If you ask someone to think of a place with a sunny climate, most people will think of somewhere sunny and warm, like Florida or Arizona.

Solar panels like sun, of course. The amount of electricity that panels generate is in direct proportion to the amount of light they receive. However, while sunny weather is great, hot weather isn’t. In fact, the best conditions for generating solar electricity and sunny and cold.

This might be a little counterintuitive because sunny cities tend to also be warm, but you can observe this yourself if you’re currently a solar homeowner. If you check your monitoring system, you may find that cool and clear spring days generate more electricity for you than summer days, even though summer days are longer.

All of this means that solar electricity can work for you, even if you live in a northern climate or - as you can see in the photo above - Antarctica!

Why do solar panels perform better in the cold?

The electrical resistance within a solar cell increases as the temperature gets hotter. Higher electrical resistance means that electrons aren’t able to move as freely, and some of the electrical energy gets converted to heat and is wasted.

When it comes to solar panels, this is a well known phenomenon. In fact, if you look up the specification sheet for a solar panel, you should find the power temperature coefficient listed.

This figure will be listed as a percentage loss of efficiency for every one degree Celsius increase in temperature. For example, a power temperature coefficient of -0.26%/°C means that for every 1°C increase in temperature, the solar panel will generate 0.26% less electricity.

-0.26%/°C happens to be the rating for a REC Alpha Pure-R series, which currently has the best power temperature coefficient of any panel I’ve found. Many other high quality panels will be in a similar range. Once you’re looking at cheaper budget panels, the power temperature coefficient will be measurably worse: somewhere in the range of -0.45%/°C.
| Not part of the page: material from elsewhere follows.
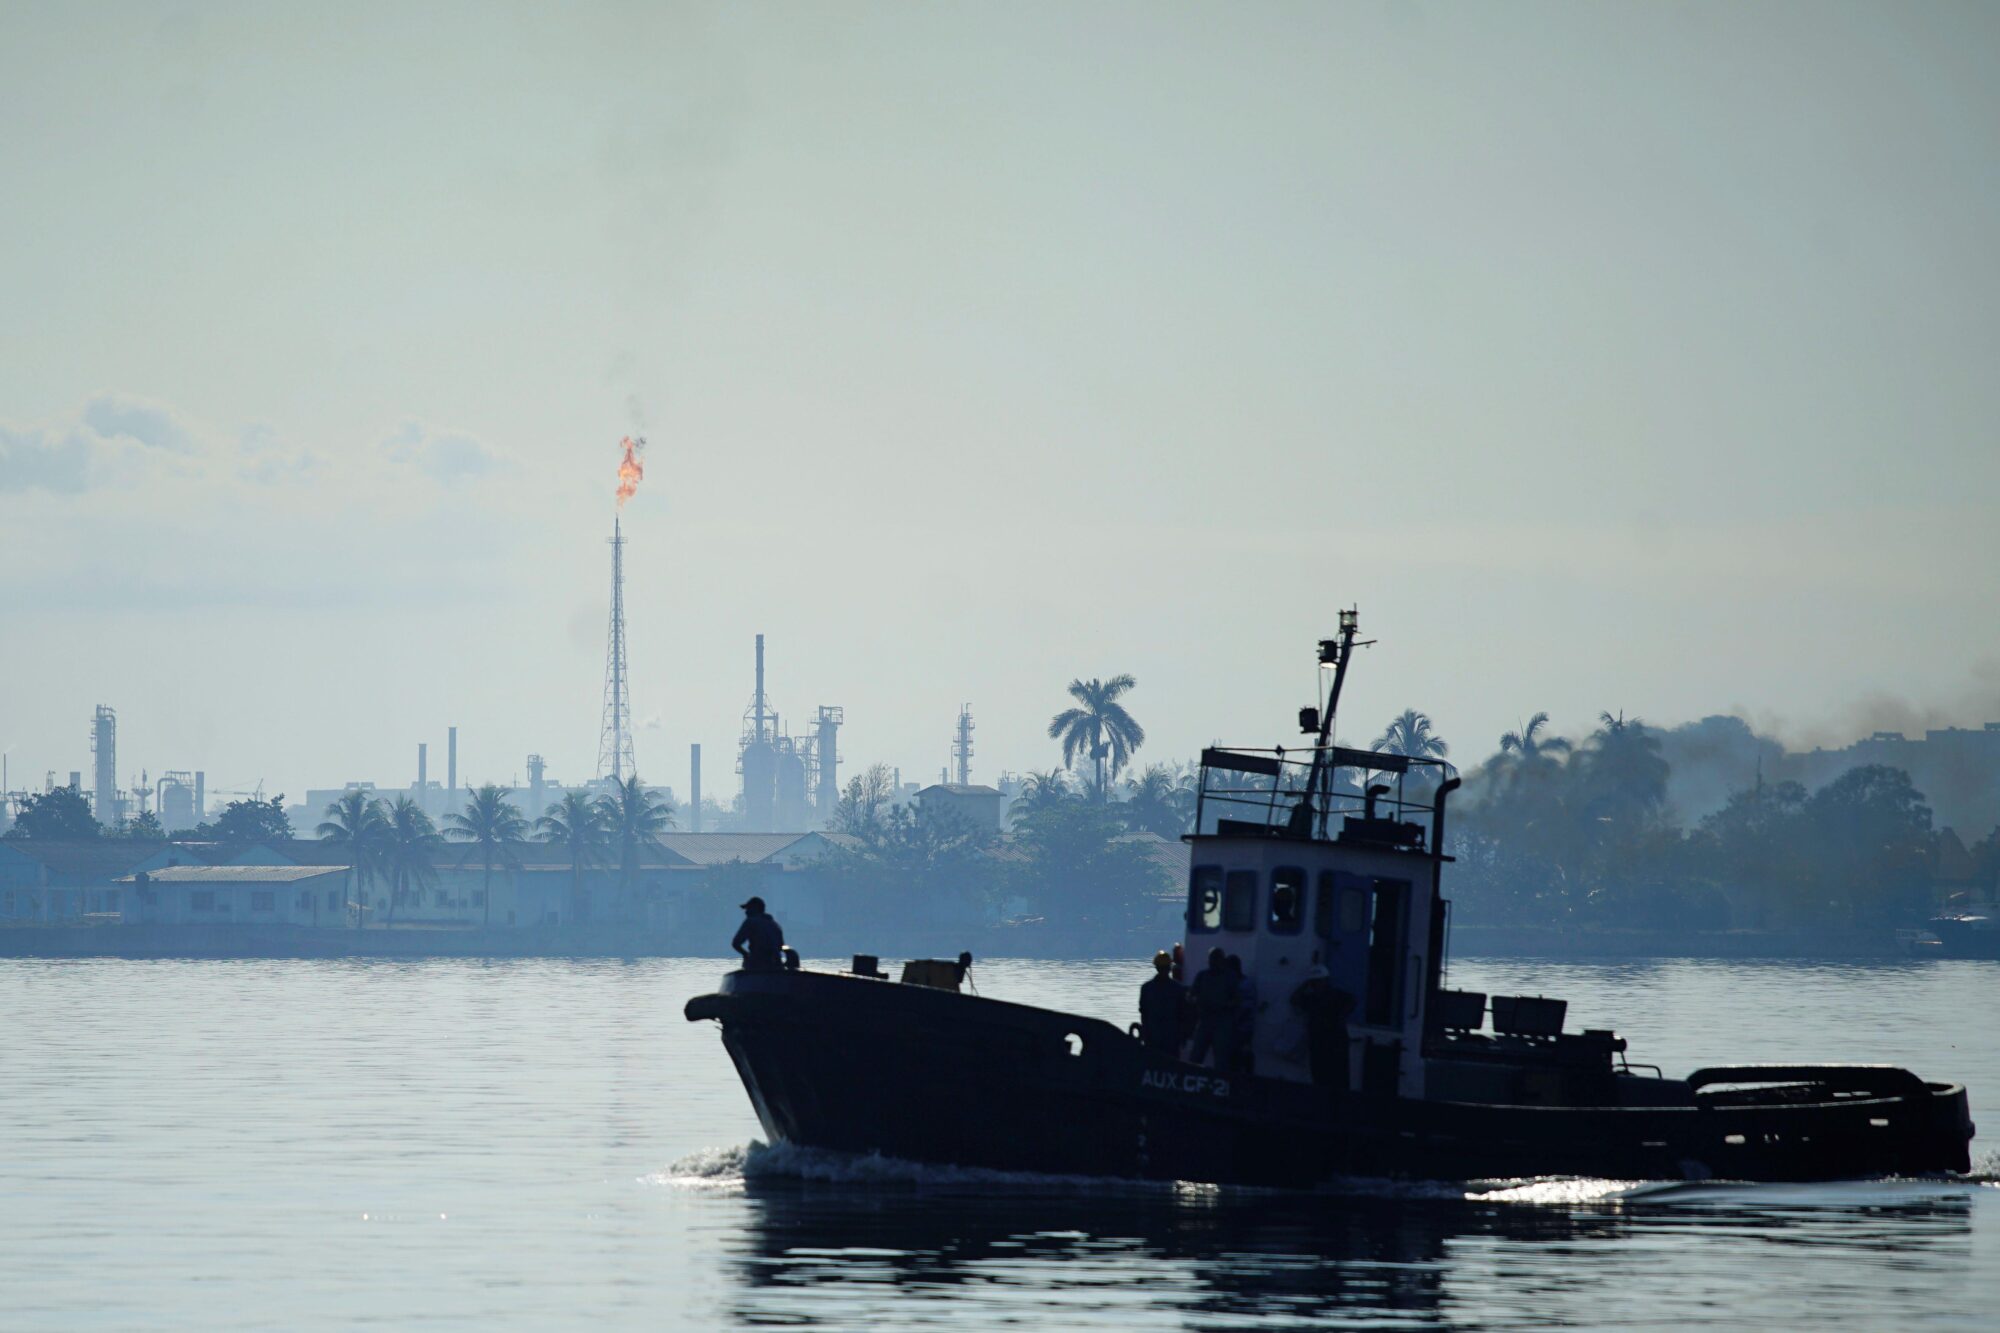 <p>Vista de la refinería de petróleo Nico López (al fondo) mientras un remolcador pasa por la bahía de La Habana, Cuba, 30 de abril de 2018. REUTERS / Alexandre Meneghini</p>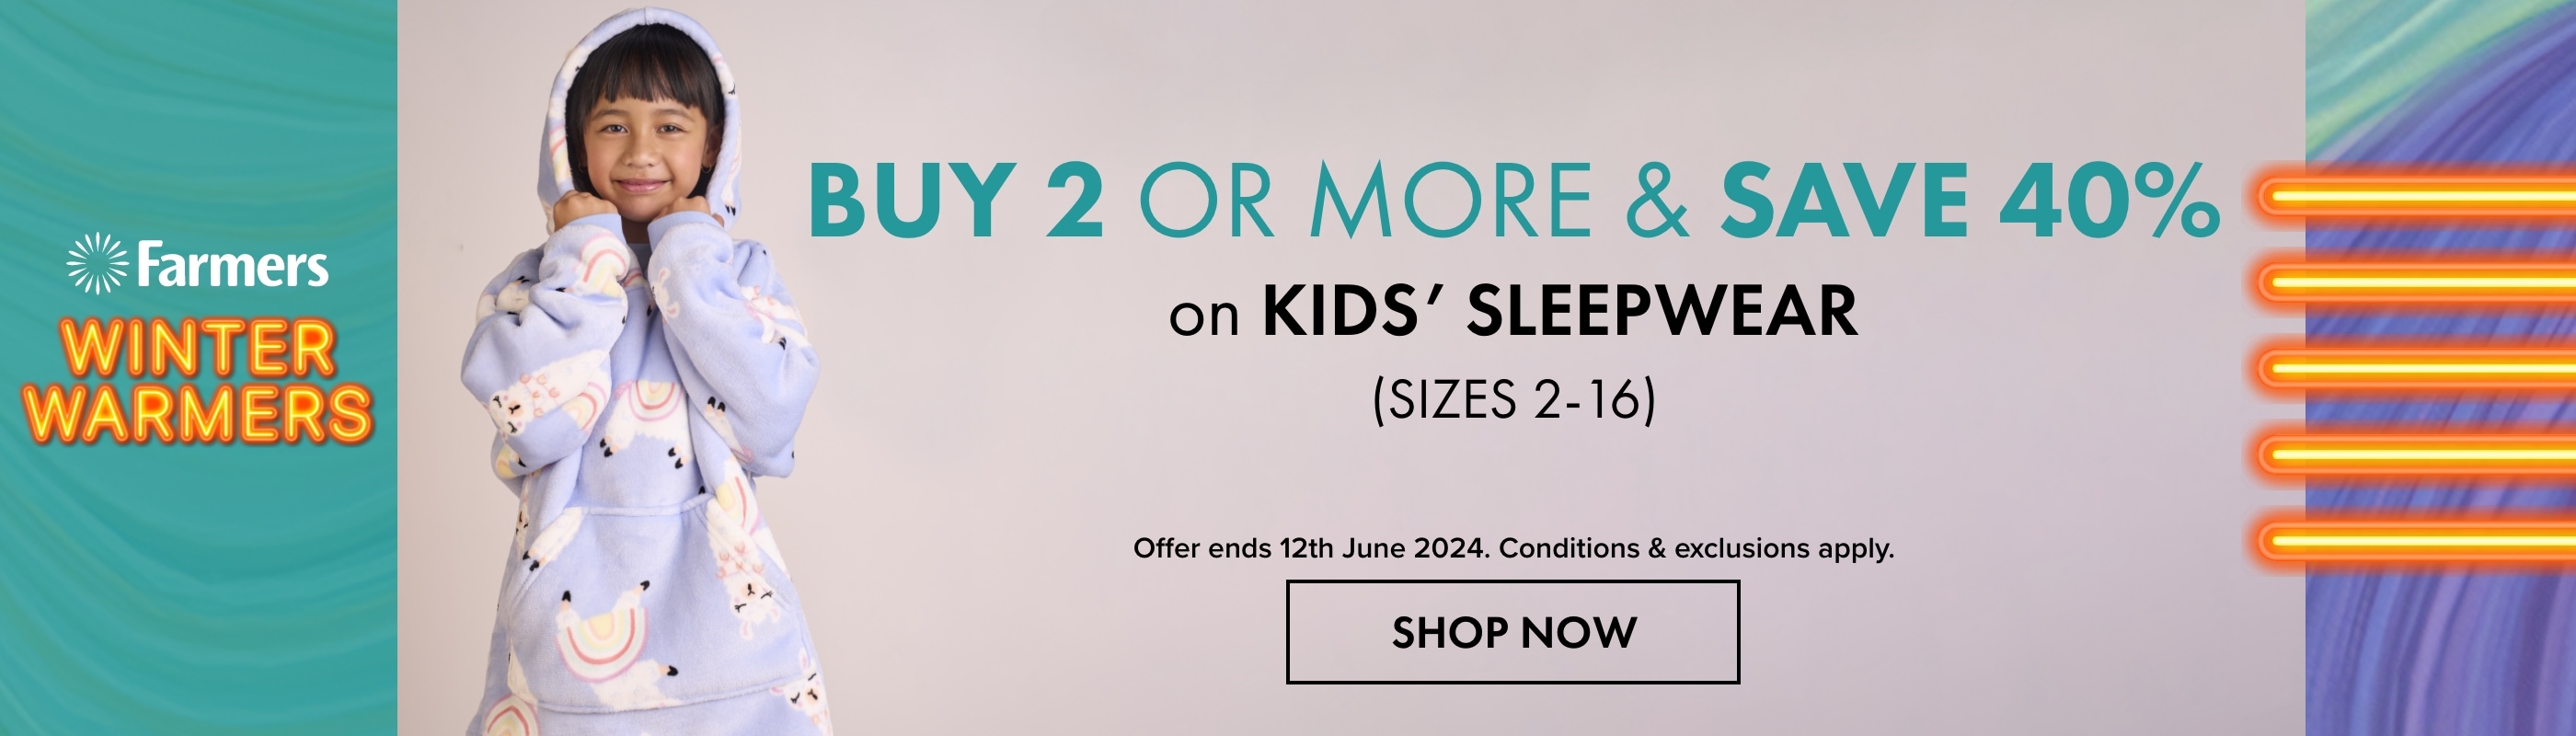 Buy 2 or more & Save 40% on Kids' Sleepwear 2-16

I explain all of this because the power temperature coefficient shows how the efficiency of a panel increases as it gets colder. So while our REC Alpha panel will lose 0.26% efficiency for every one degree increase in temperature, it will become more efficient by the same amount as it gets colder.

This is a bit of a deeper topic, so you can read the article linked above to learn more about power temperature coefficient.

Daylight hours are actually about the same everywhere

One thing to know about sunlight on planet Earth is that everywhere gets approximately the same number of daylight hours annually. For example, the polar regions experience winter days with no sunlight at all, and summer days with 24 hours of daylight.

The position of the sun in the sky varies, though. At the equator, the sun on average will be high above, while at the poles the sun will tend to be near the horizon. That’s why the solar panels in the Antarctica station pictured above are mounted nearly vertical. That orientation will let them capture more sunlight from the sun as its low in the sky.

Annual daylight hours might be similar everywhere, climate isn’t

While the hours of daylight might be approximately the same everywhere on earth, the intensity of that sunlight isn’t.

This is because climate isn’t the same everywhere. For example, the cities in the southwestern United States have a much drier climate than those at a similar latitude on the east coast. Because of this, the average city in southern California will have more sunshine on average than cities in South Carolina, even though they are at similar latitudes.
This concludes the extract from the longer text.